Femicide is the killing of women and girls because they are women. In practice, it shows up through intimate partner violence, coercive control, sexual violence, stalking, and the belief that a woman’s body, choices, labor, and life are subject to male entitlement. Naming Black femicide matters because when Black women are killed, the violence is too often flattened into “relationship problems,” “family tragedy,” or “mental health,” rather than recognized as gendered violence shaped by racism, sexism, and power. What we are facing is not only domestic violence—it is the deadly convergence of patriarchy, racial inequality, community trauma, access to firearms, and a long-standing silence around abuse.

The data are clear. According to the Centers for Disease Control and Prevention (CDC), Black women have the highest homicide rate among women in the United States—9.7 per 100,000—far exceeding other racial groups, with intimate partner violence contributing to about 41.5% of female homicides. The Violence Policy Center reports that in 2023, 733 Black women were killed by men in single-victim incidents, at a rate more than double that of White women. Black women make up 14% of the female population but over 31% of women killed by men. In cases where the relationship is known, more than 90% of victims knew their killer, over half were intimate partners, and nearly three-quarters were killed with a firearm. This is not random—it is patterned, predictable, and preventable.
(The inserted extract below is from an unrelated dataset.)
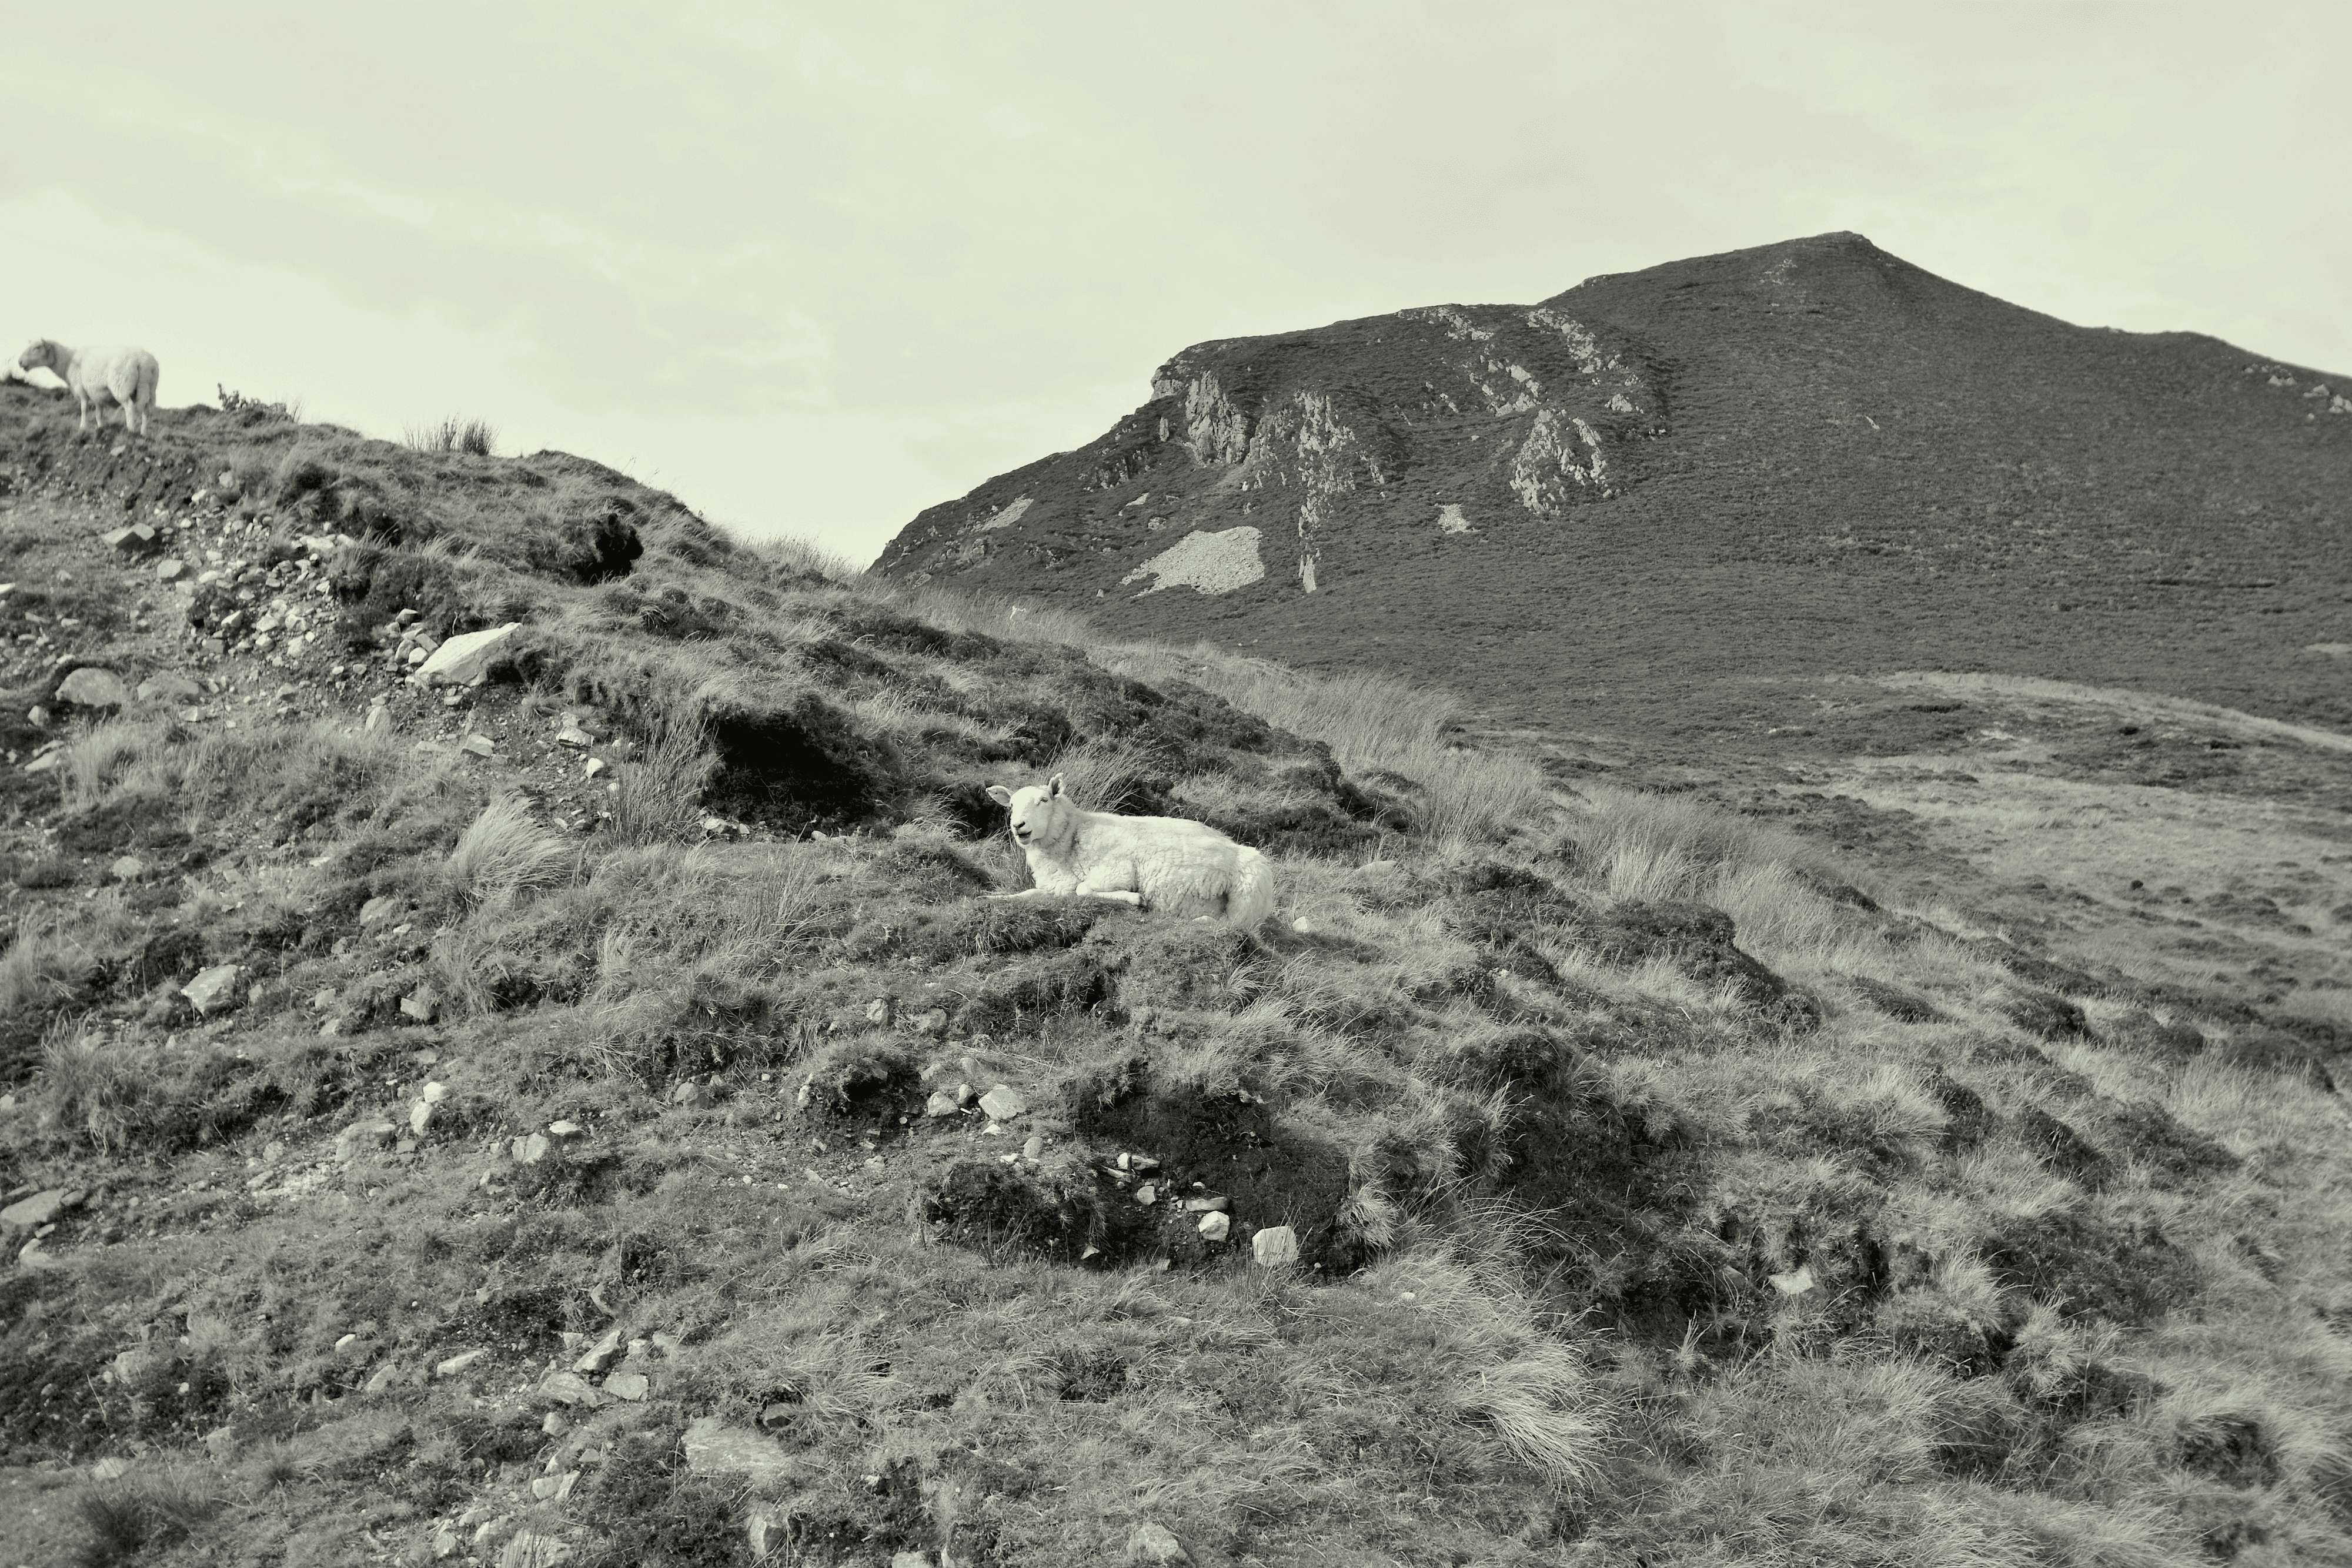 Irish Tranquility and a sheep

Black femicide must be understood as both gender violence and racialized violence. Patriarchy and white supremacy are overlapping systems of domination that normalize control, hierarchy, and the devaluation of certain lives. They shape not only individual behavior but the conditions that make violence more likely and protection less accessible. While Black men’s mental health deserves serious attention, it cannot be used to explain away abuse. Data show only a small percentage of intimate partner homicides are directly linked to mental illness, while far more involve prior abuse, conflict, and access to firearms. Abuse is fundamentally about power and control. Until we name that clearly—and confront the systems that sustain it—Black women will remain at risk in ways that are both deeply personal and profoundly structural.
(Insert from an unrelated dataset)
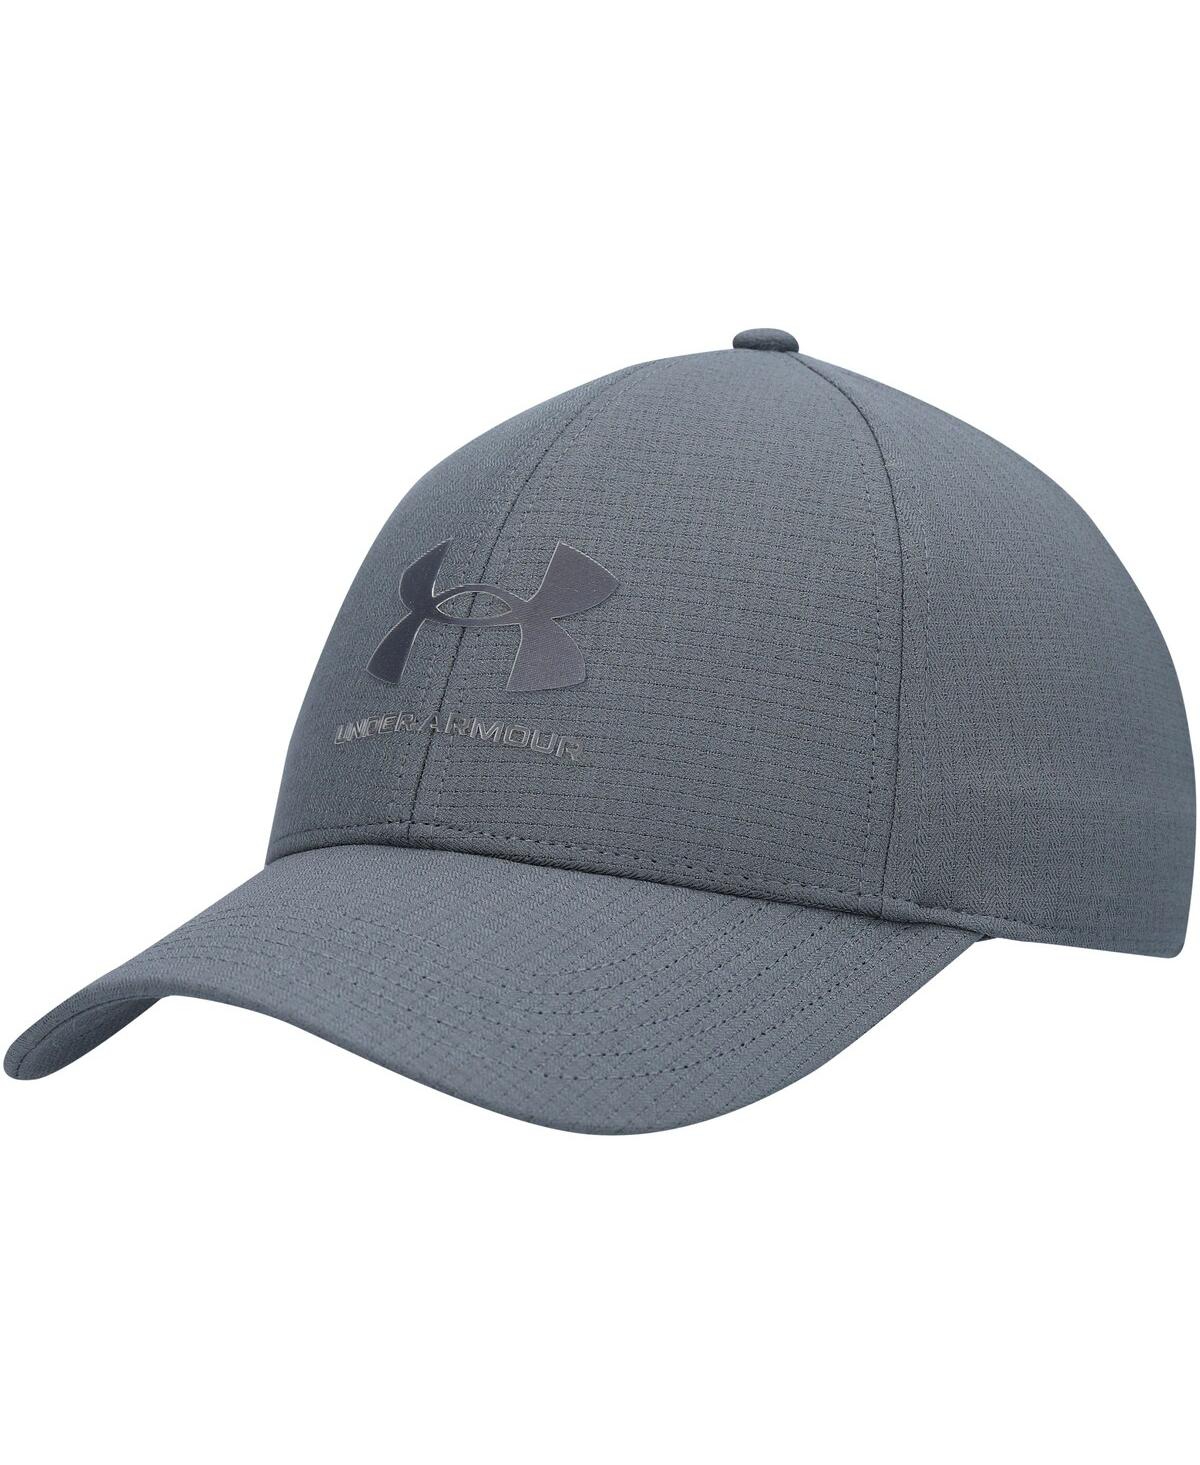 Under Armour Men's  Graphite Performance Adjustable Hat

The silence inside Black communities is part of the crisis. That silence is not accidental. It is built from generations of racial terror, over-policing, distrust of institutions, economic vulnerability, church-based pressure to preserve families at all costs, and the burden Black women carry to protect Black men from a racist system even when they themselves are being harmed. Scholars and advocates have documented that Black women survivors often navigate help-seeking through the intersecting impacts of racism, sexism, and institutional mistrust. When speaking out is framed as betrayal, the abuser gains cover and the victim loses room to breathe. 

Recent cases underscore how urgent this is. In Alabama, Precious Elicia J’anae Johnson, 24, was killed by her husband, Kynath William Terry Jr., in a hospital room shortly after giving birth in March 2026. In Florida, Nancy Metayer Bowen, the vice mayor of Coral Springs and the city’s first Black and Haitian American female commissioner, was allegedly murdered by her husband in April 2026. In Virginia, Dr. Cerina Fairfax was killed in April 2026 in what police said was a murder-suicide by her estranged husband, former Lt. Gov. Justin Fairfax. In Alabama, Angelicca Newton, 29 and pregnant, was killed in August 2025 during what authorities described as a domestic incident involving her boyfriend, Alfred Lee Colvin III. These names are not a complete list. They are a warning. 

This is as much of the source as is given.